Top of DATA

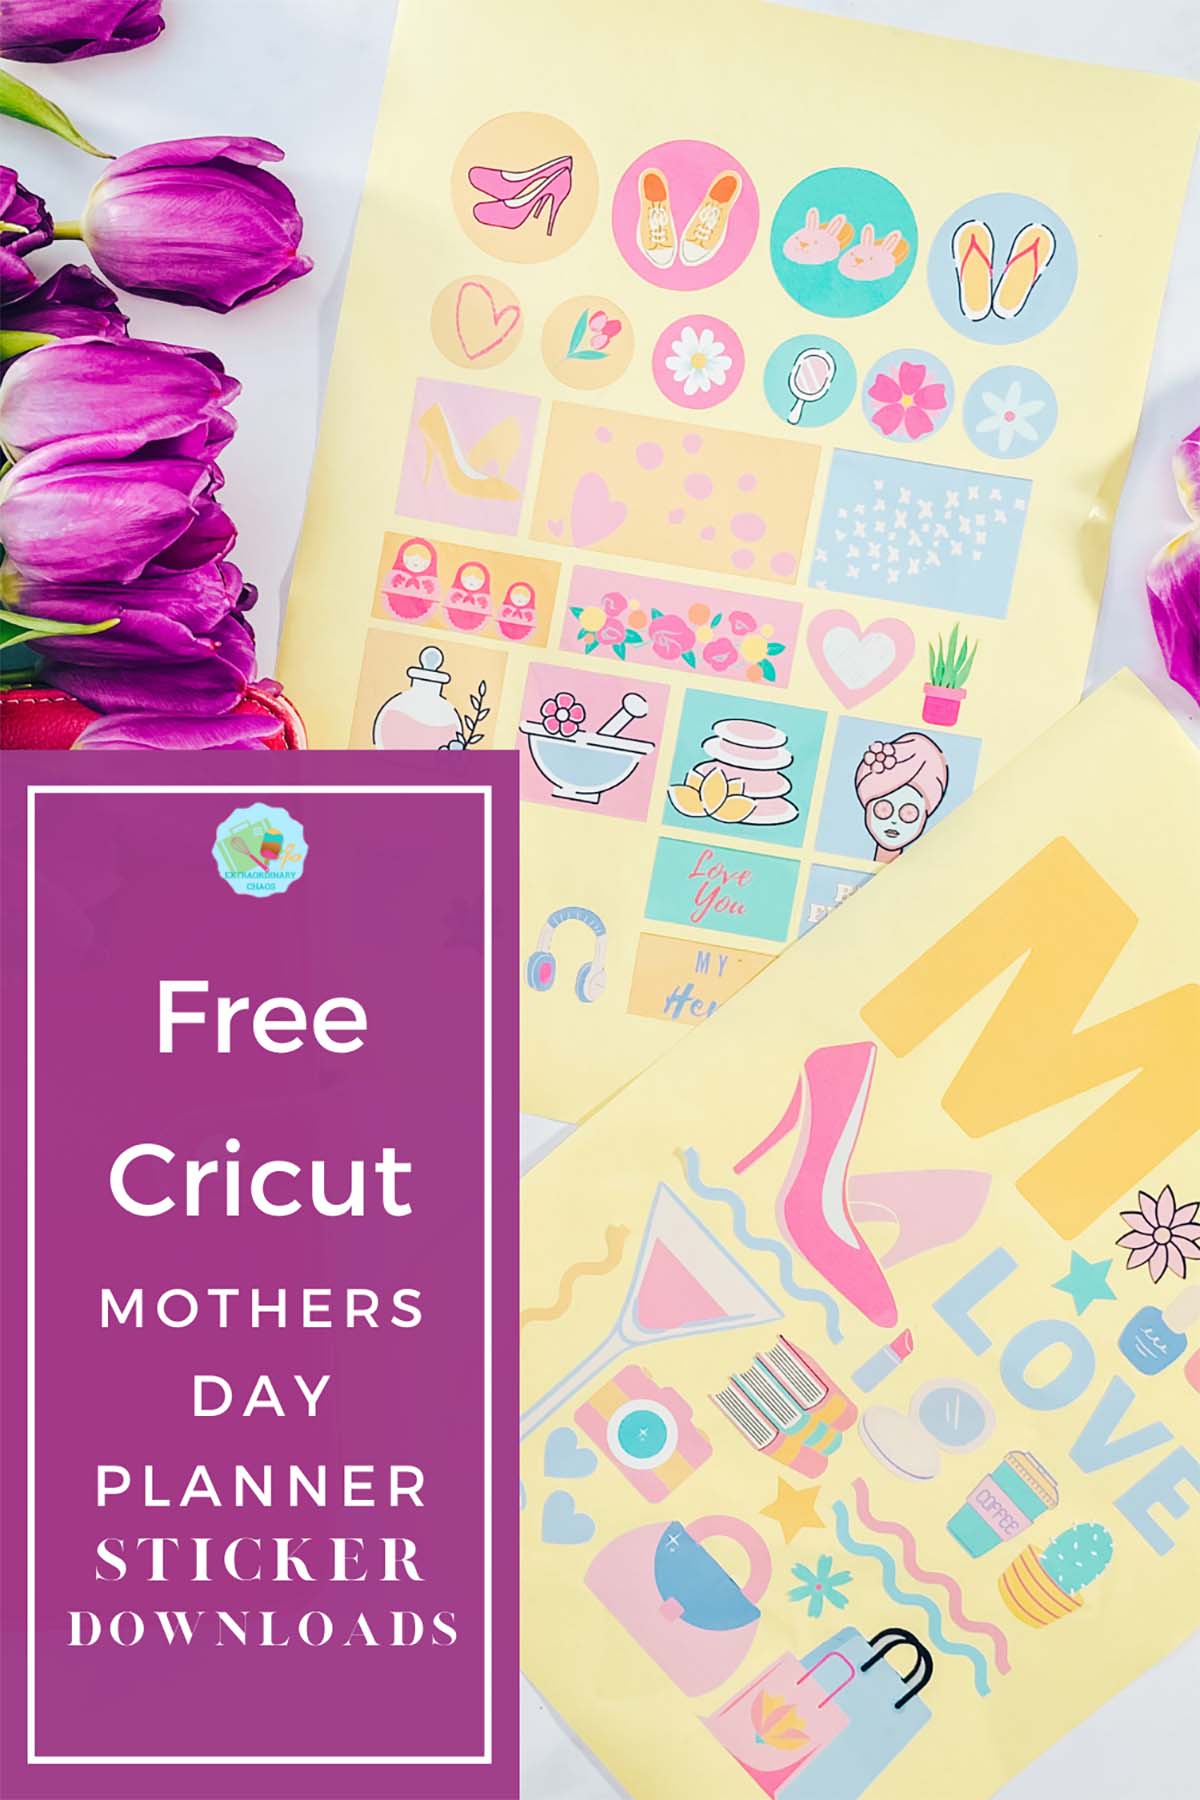 Free download for a Cricut Mothers Day Planner and bullet journal Stickers
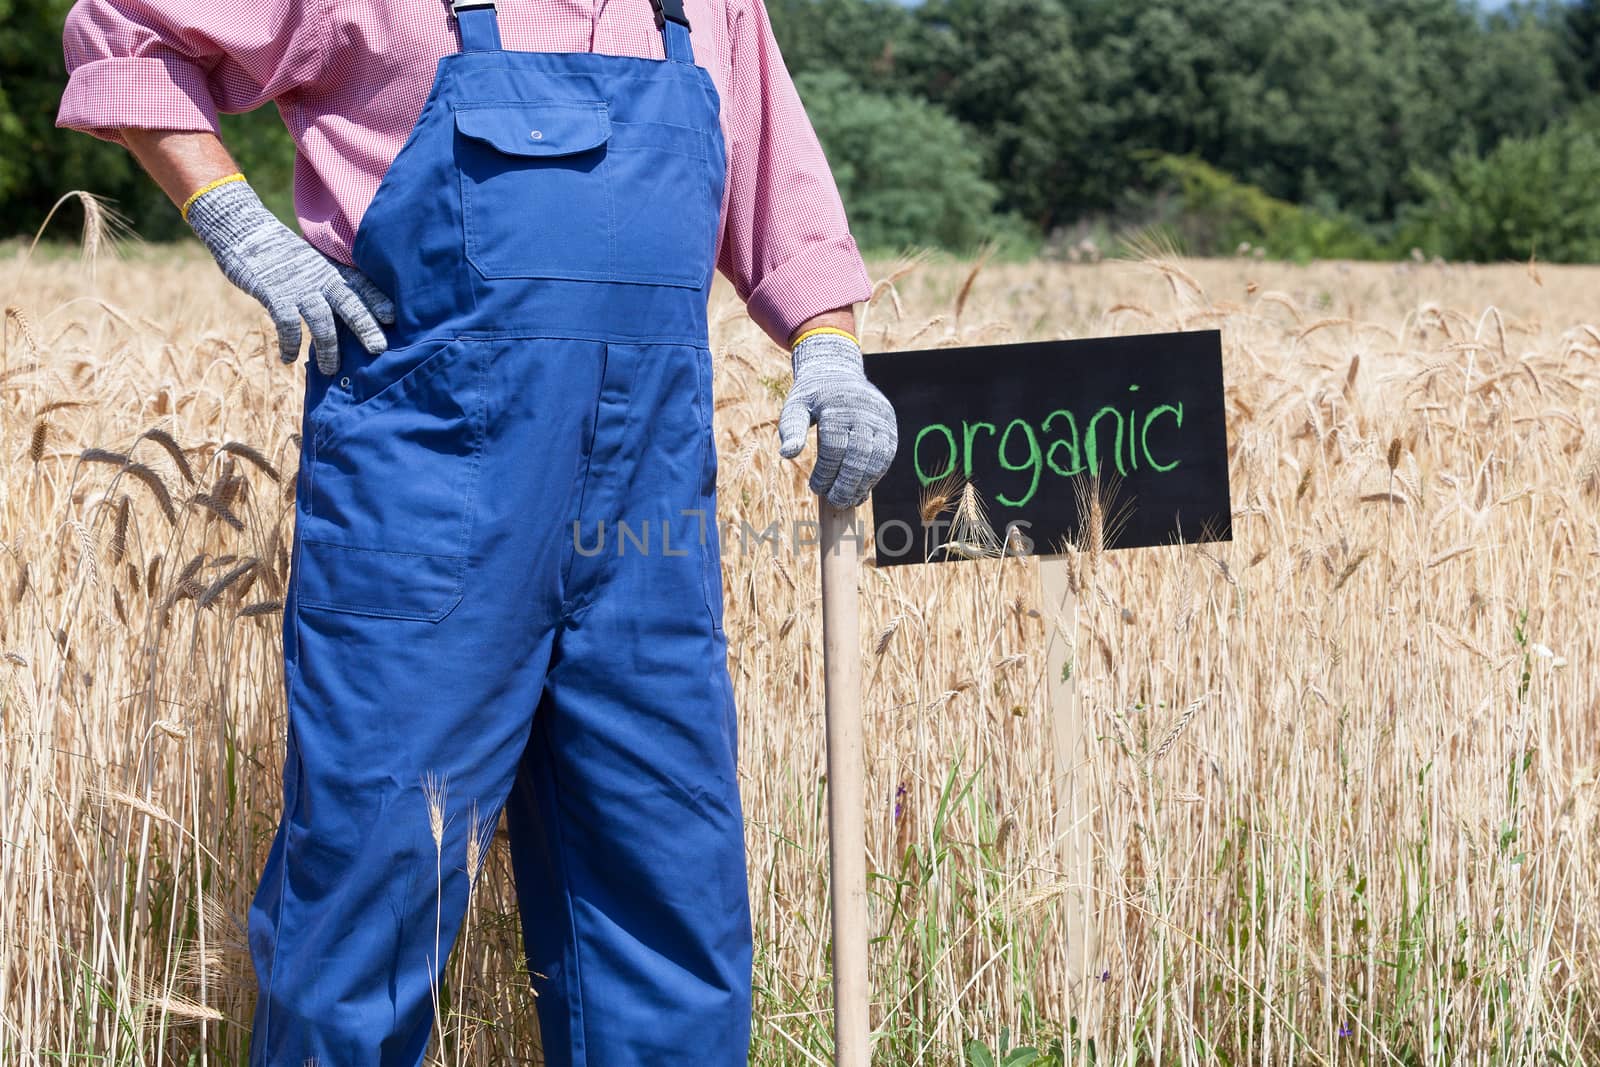 Farmer standing in front of the organic wheat field
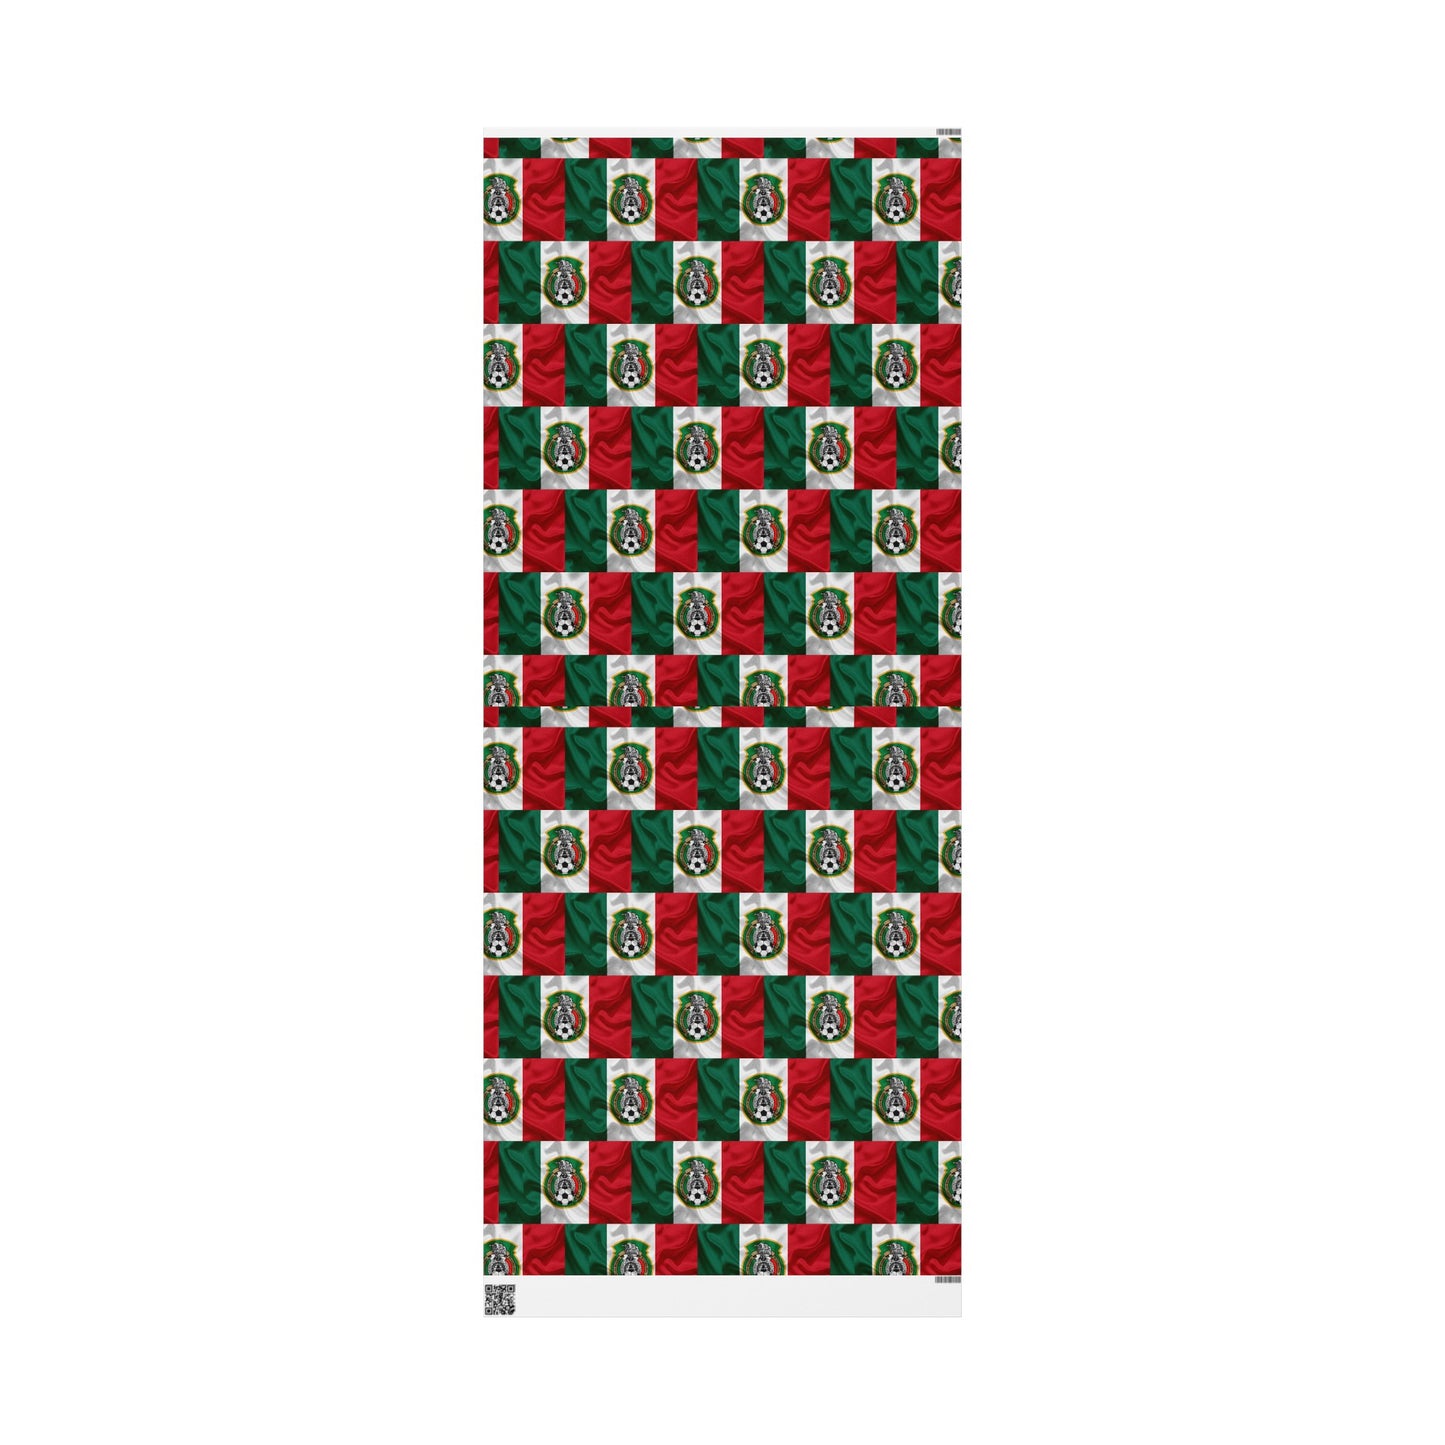 Mexico National Team Futbol Flag Birthday Gift Wrapping Paper football soccer Holiday
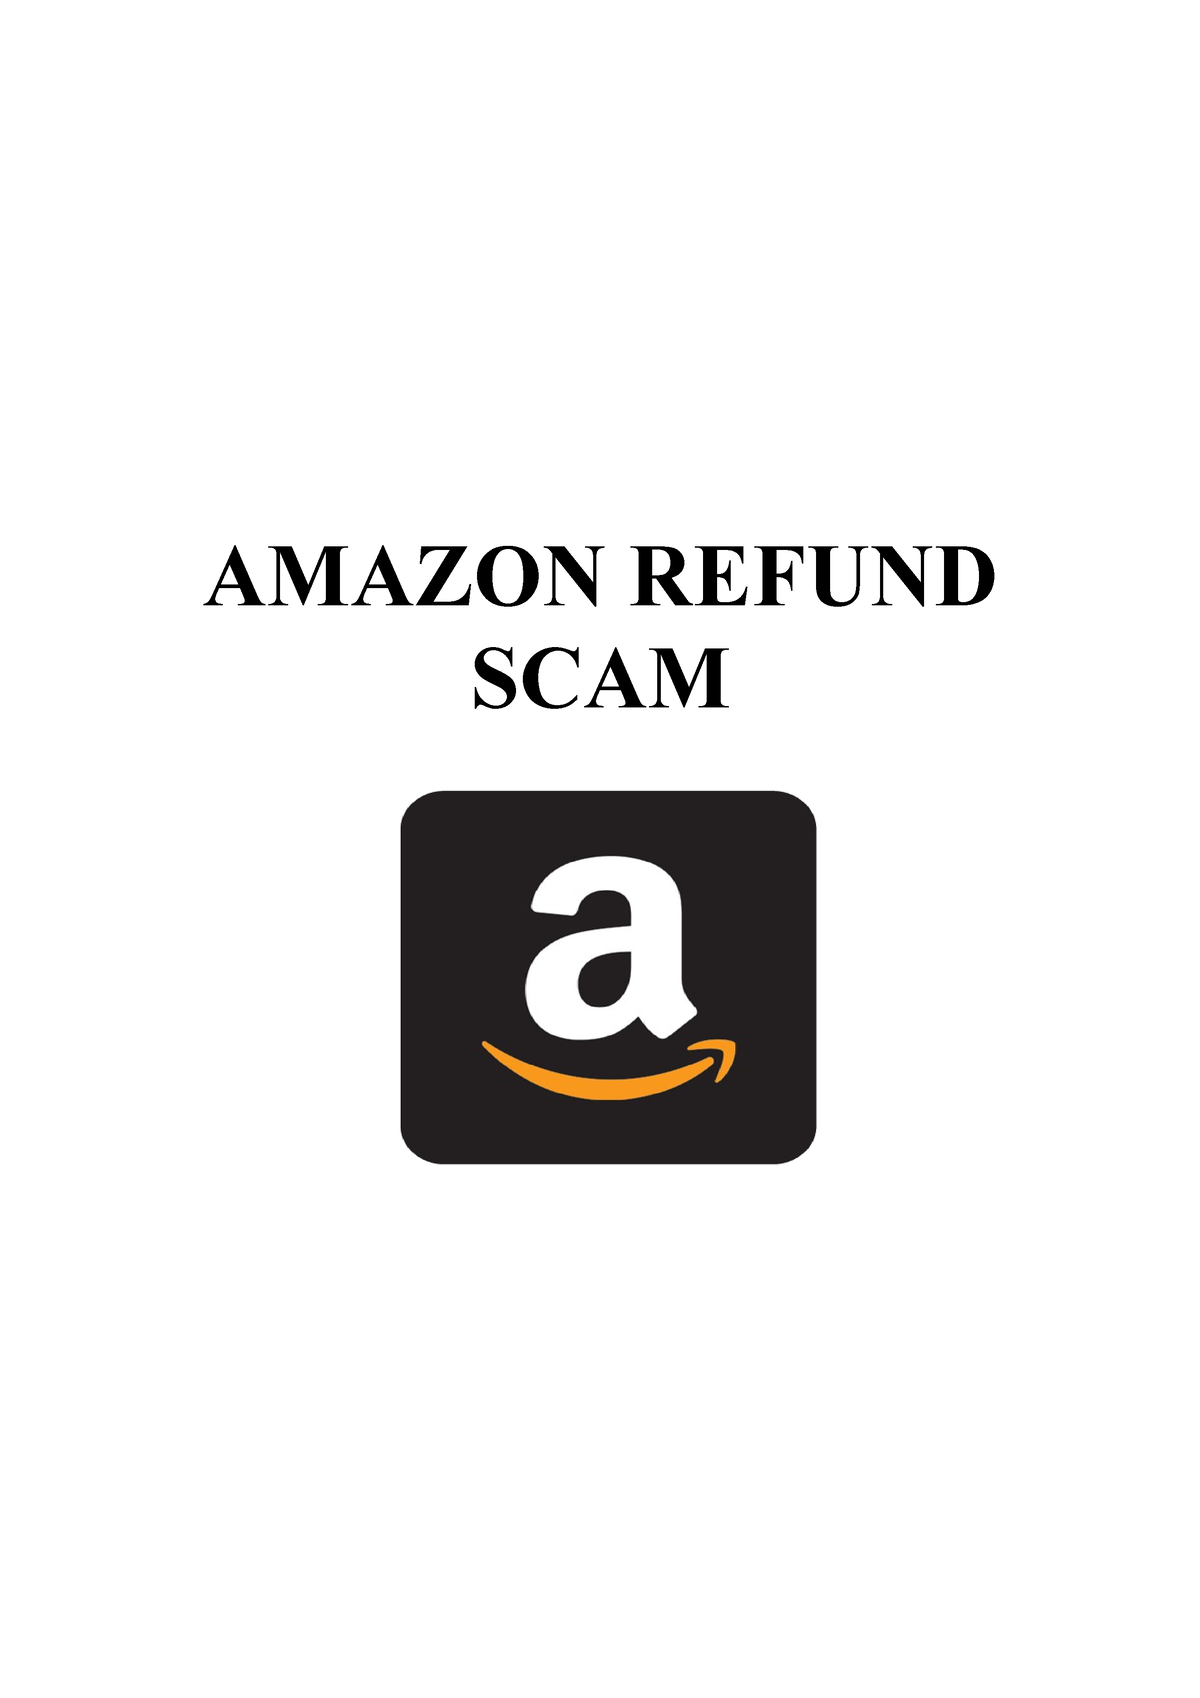 amazon-refund-scam-amazon-refund-scam-choose-something-you-want-to

Bottom of DATA

- _WHAT IS NEEDED_
Each line above should be returned exactly as it stands, minus any pictures.

- _ANSWER BOX_
 Free download for a Cricut Mothers Day Planner and bullet journal Stickers
 Farmer standing in front of the organic wheat field
 Mexico National Team Futbol Flag Birthday Gift Wrapping Paper football soccer Holiday
 amazon-refund-scam-amazon-refund-scam-choose-something-you-want-to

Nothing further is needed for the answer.